June 10 was our first night, and we opened to the public on June 12. Lunch has been fantastic from day one, and we’re building our trade at night. We just got an award from Georgina Campbell, highly commended in Newcomer of the Year after only three months in business. That was good, and showed everybody we’re doing something right.
TELL US ABOUT THE SPACE YOU HAVE
The Georgian House dates back to the 1700s, and comprises the ground floor restaurant seating 28 and café seating 14. On the first floor, we have private dining for 28, and can seat the same again in our courtyard. We have converted outhouses in the courtyard into two additional prep spaces for baking and butchery, and have yet to develop a large walled garden space at the rear of the courtyard.
WHAT FEEL ARE YOU AIMING FOR?
John and Myrna Horner own the Georgian House and I lease it from them. They purchased it in 2003, and had undergone a massive regeneration to bring it back to the original building. Myrna had done a lot of research on the building, and what the colours should be and had dressed it with pieces of Georgian furniture and mirrors. All the fireplaces are original, and a craftsman was even brought over from continental Europe to restore the ceiling mouldings.
WHAT’S ON YOUR MENU?
It’s not fine dining. What we envisioned here from the start was contemporary Irish cuisine in nice surroundings using artisan producers and products.
The more local-based I can make my menus, the better, so that’s what we did. When I first came here, I went around all the local suppliers and now a good 85% of my menu is based locally.
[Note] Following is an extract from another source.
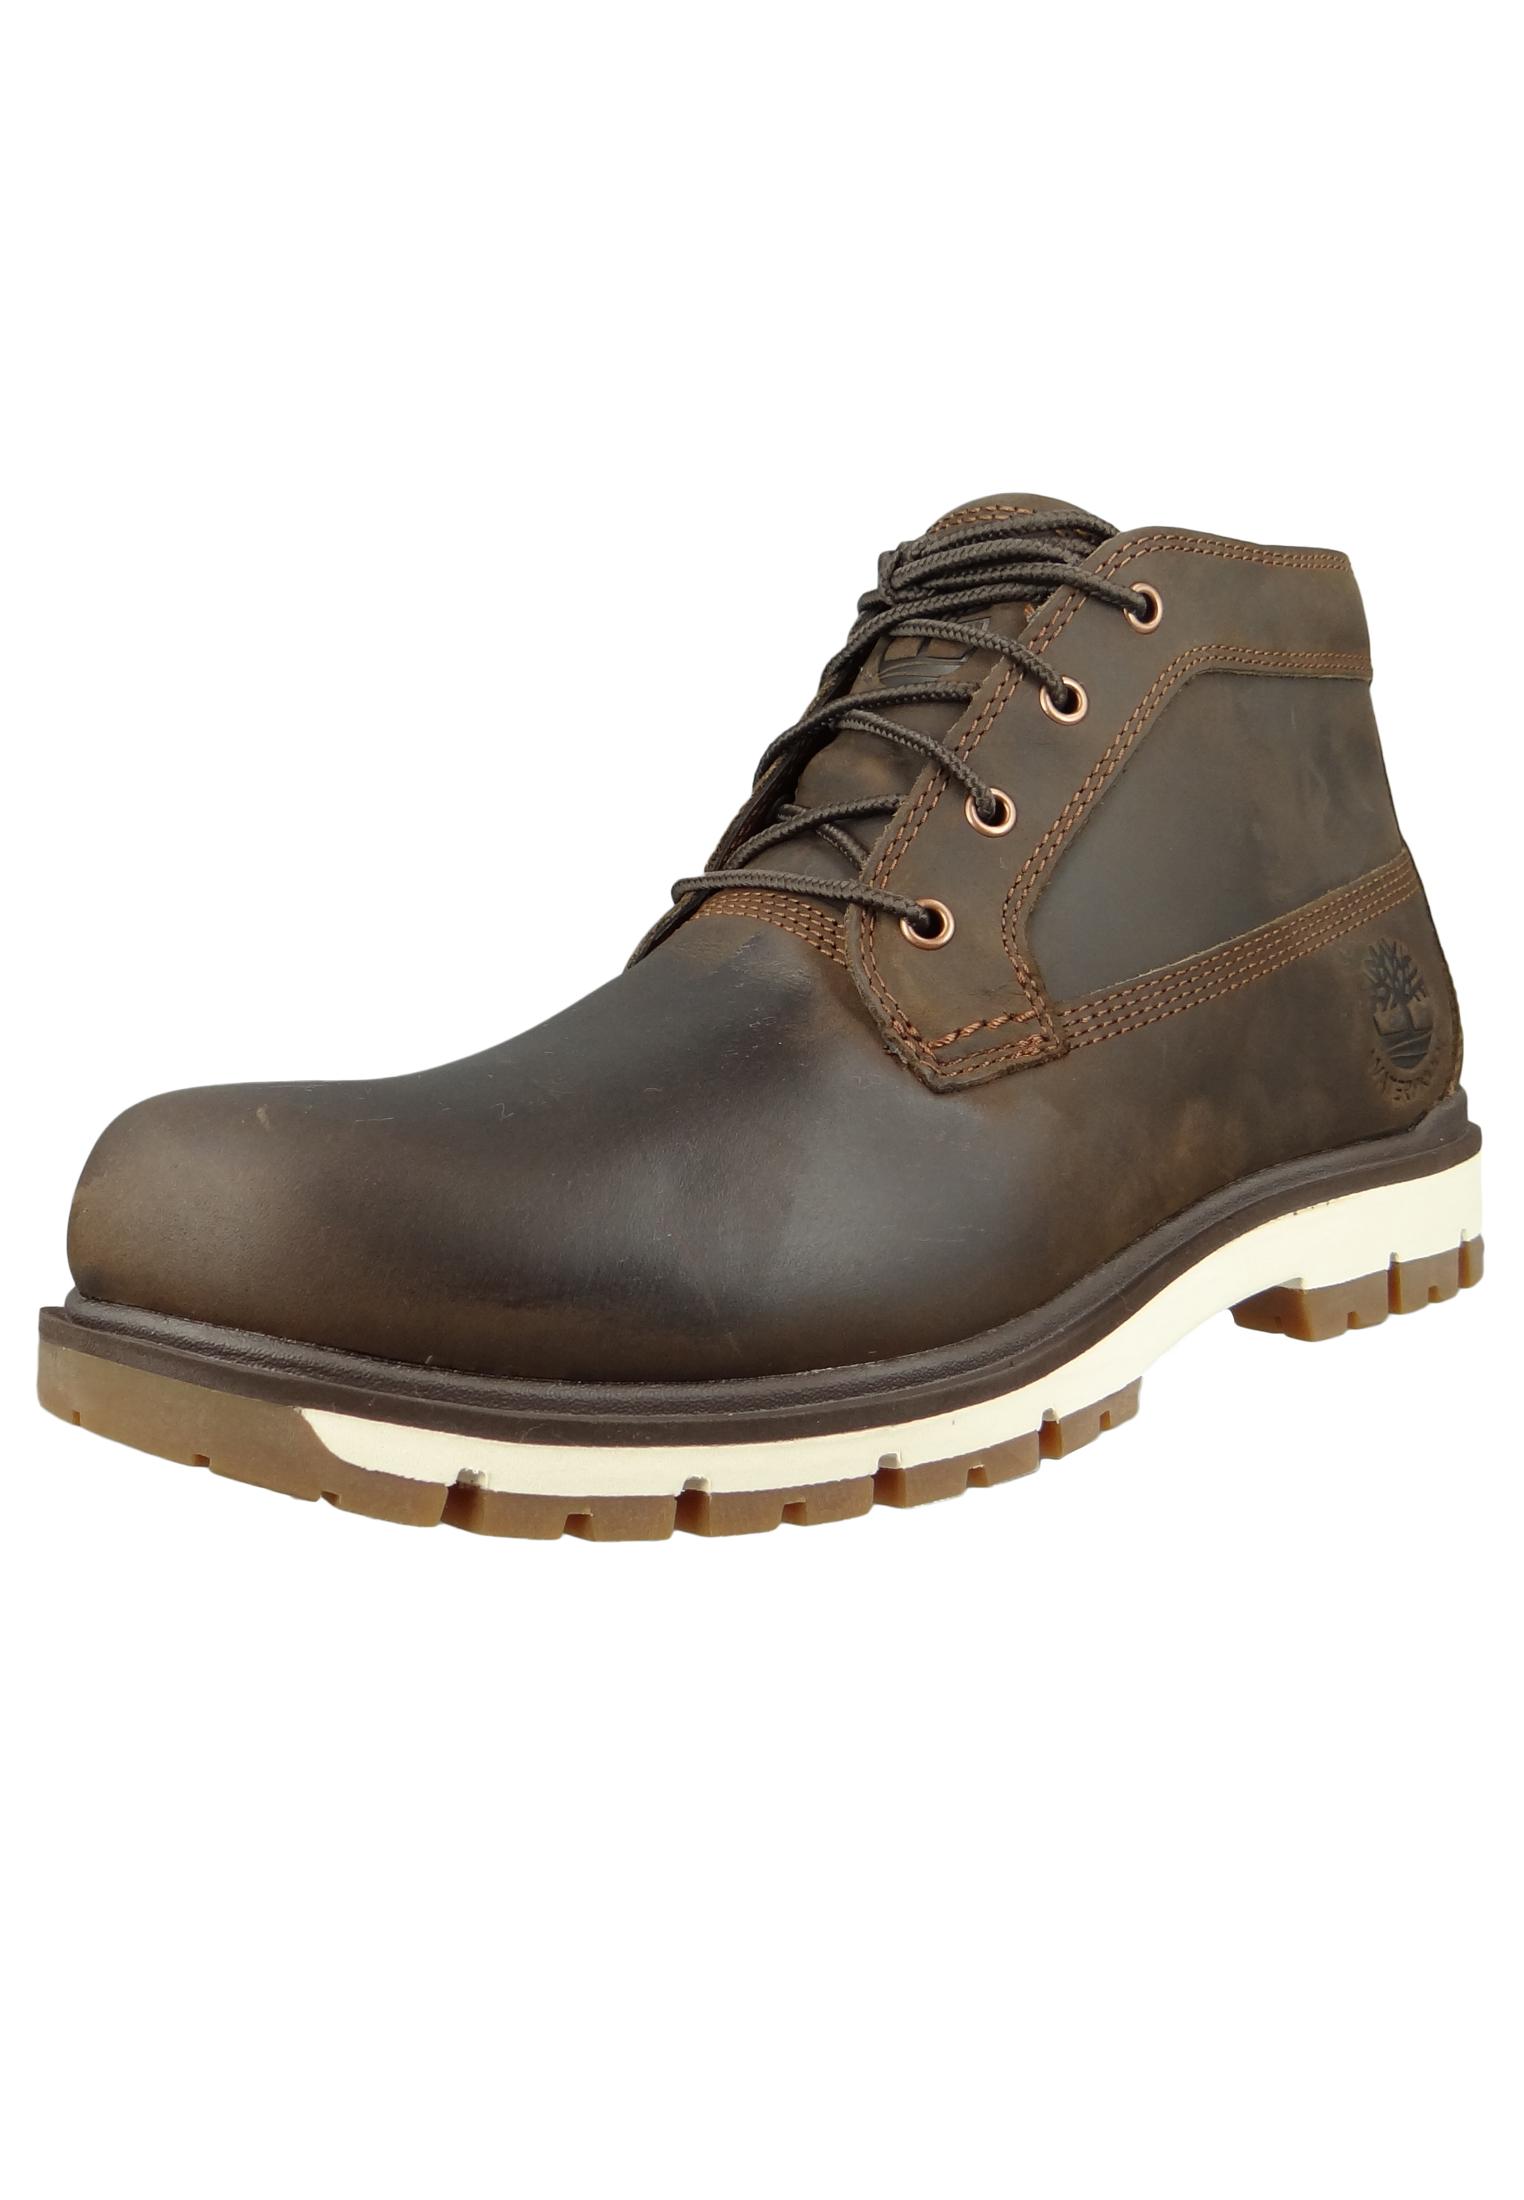 Boots RADFORD CHUKKA WP

My pork supplier is Robbie at Stonebridge Cottage in Crossgar, Springmount Farm in Ballygowan for eggs, Buchanan’s in Kilrea for turkey and a butcher in Newtownards for beef. I have a lot of game coming in at the moment, including wild partridge and wood pigeon. We get Comber potatoes, broccoli from Ballymakenny Farm just over the border and beetroot from Mooncoin near Kilkenny. I use Indie Fude around the corner quite a lot for cheeses and other artisan products. I fell in love with the area because it’s full of artisan suppliers and producers with the Comber Farmers’ Market.
HOW DO YOU PROMOTE THE RESTAURANT & MAKE IT STAND OUT?
Social media is a big one for us, and we put our menus on there, and up-and-coming events. It’s very important you keep a couple of months ahead of yourself, and we run a lot of events to keep people interested; for example, a tasting night on October 26 when I will be cooking with guest chef Nathan Snoddon who is coming over from London. I also do demonstrations at the local market, which is a good way of embracing the public, showing them what we do and getting feedback.
I just think it’s about originality, sourcing local produce and the team here are highly trained and good at one-to-one with customers which I feel is very important. If you want the community to embrace you, you have to be part of the community.
WHO ARE YOUR CUSTOMERS?
We get quite a wide base. We get our local customers during the day and then, at nightime, they come from as far as Bangor, Newtownards, Belfast, Carryduff or even Fermanagh. It shows that our name is getting out there. We do get quite a lot of tourism in the area, and we have had Americans and English in over the last week.
HOW DO YOU SEE THE RESTAURANT DEVELOPING?
Next year, the emphasis will be on the walled garden and deciding what to do with it. And we only ran one event in the courtyard this year, a Jazz Sunday, but we hope to do a lot more next year because it was very successful.